Patient’s Characteristics and Logistic Regression Analyses

Table 1 presents the baseline characteristics of the training and validation cohorts. The patient data were randomly divided into training and validation sets at a 7:3 ratio. The training set (n = 946) underwent SMOTEprocessing, with Figure 2A illustrating the distribution of sample categories before and after SMOTE application. The validation set (n = 253) remained unprocessed for comparative analysis.Statistical analysis revealed significant differences (p < 0.05) in 12 characteristic variables between the cohorts: gestational age, birth weight, NHAGIs status, delivery mode, parity, milk source, nasogastric feeding, intrauterine distress, hypothermia, respiratory failure, respiratory distress syndrome, and ventilator use.Table 2 displays the results of logistic regression analyses performed on the training set. The analysis identified several statistically significant predictive factors (p < 0.05), including gestational age, PLT, NE, delivery mode, milk source, nasogastric feeding, probiotic administration, intrauterine distress, central venous catheterizationand pregnancy-induced hypertension.

Table 2 Univariate and Multivariate Logistic Regression Analysis of the Training Set

Figure 2 (A) The distribution of the class labels of the samples before and after applying SMOTE to the training set. (B) The result of Boruta algorithm screening important features. (C and D) The result of Lasso regression screening important features.

Broguta and Lasso Regression Analysis

The Boruta algorithm is an advanced feature selection method that effectively identifies significant predictors for modeling. In the Boruta visualization (Figure 2B), black box plots represent the minimum, average, and maximum Z-scores of shadow features, while green box plots denote confirmed features. The results demonstrate that all variables marked in green were identified as important features. Figure 2C presents the LASSO regression path diagram, displaying 29 distinct trajectories corresponding to the included variables. Each colored line represents the coefficient trajectory of an independent variable, with the y-axis indicating coefficient values and the lower x-axis showing log(λ) values. The upper x-axis displays the number of non-zero coefficients at each λ value.

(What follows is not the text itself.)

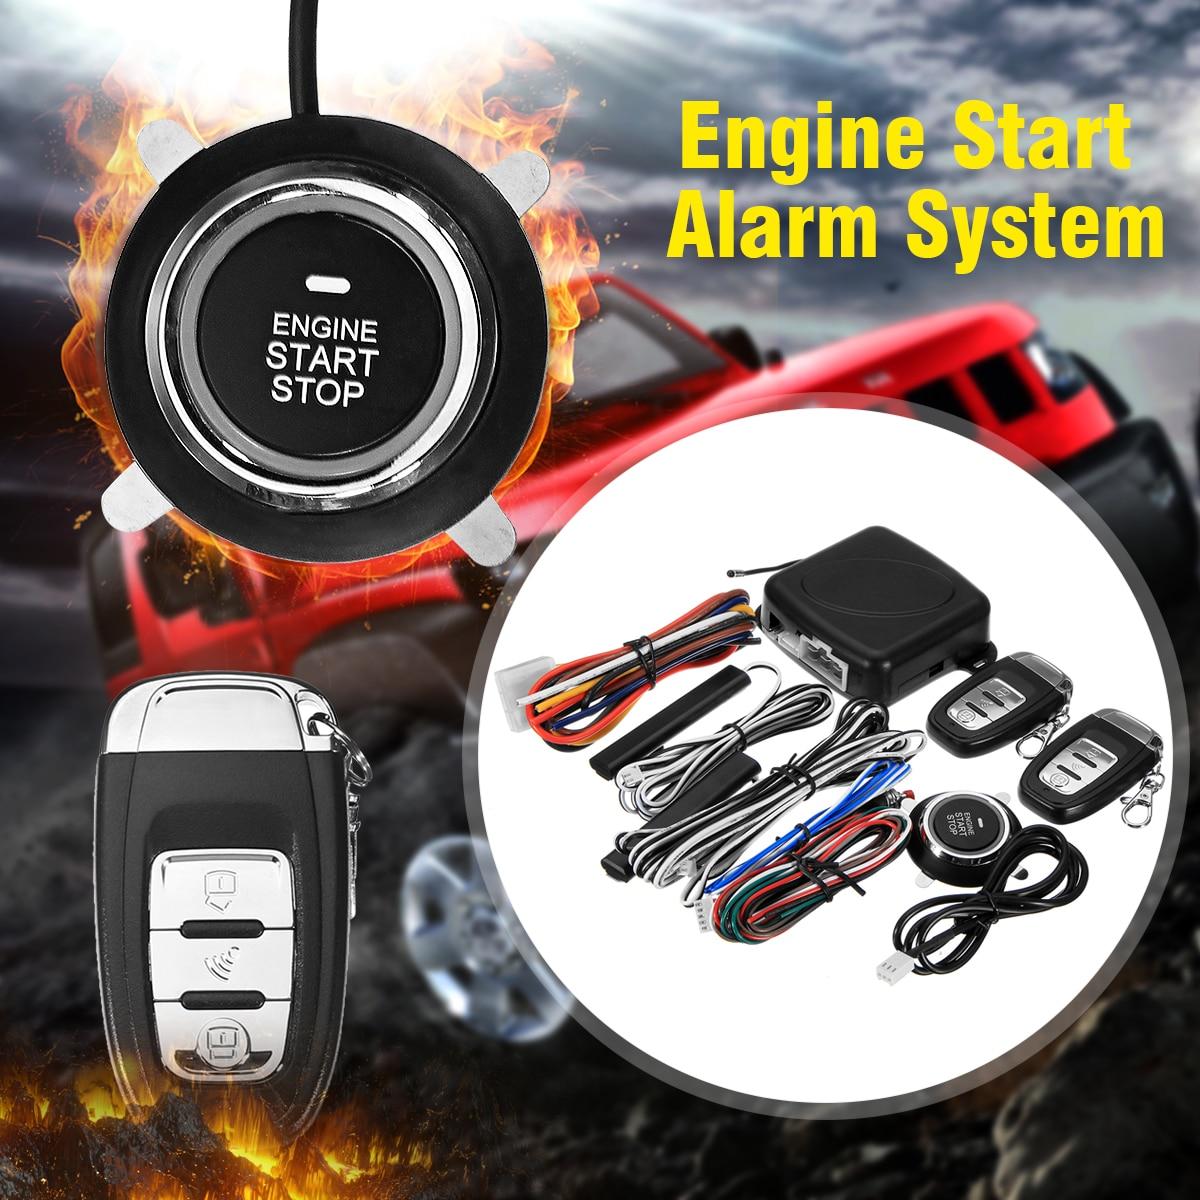 9 PC DIY รถ SUV Keyless เครื่องยนต์ Start Keyless ALARM System รีโมทคอนโทรลปุ่ม Starter หยุดรถยนต์ Auto Car อุปกรณ์เสริม

As log(λ) increases, the regression coefficients gradually converge toward zero. Figure 2D illustrates the cross-validation curve, where the x-axis represents log(λ) and the y-axis shows the binomial deviance. Through this process, LASSO regression identified 12 relevant variables, which were subsequently incorporated into the multivariate logistic regression analysis, as detailed in Table 3.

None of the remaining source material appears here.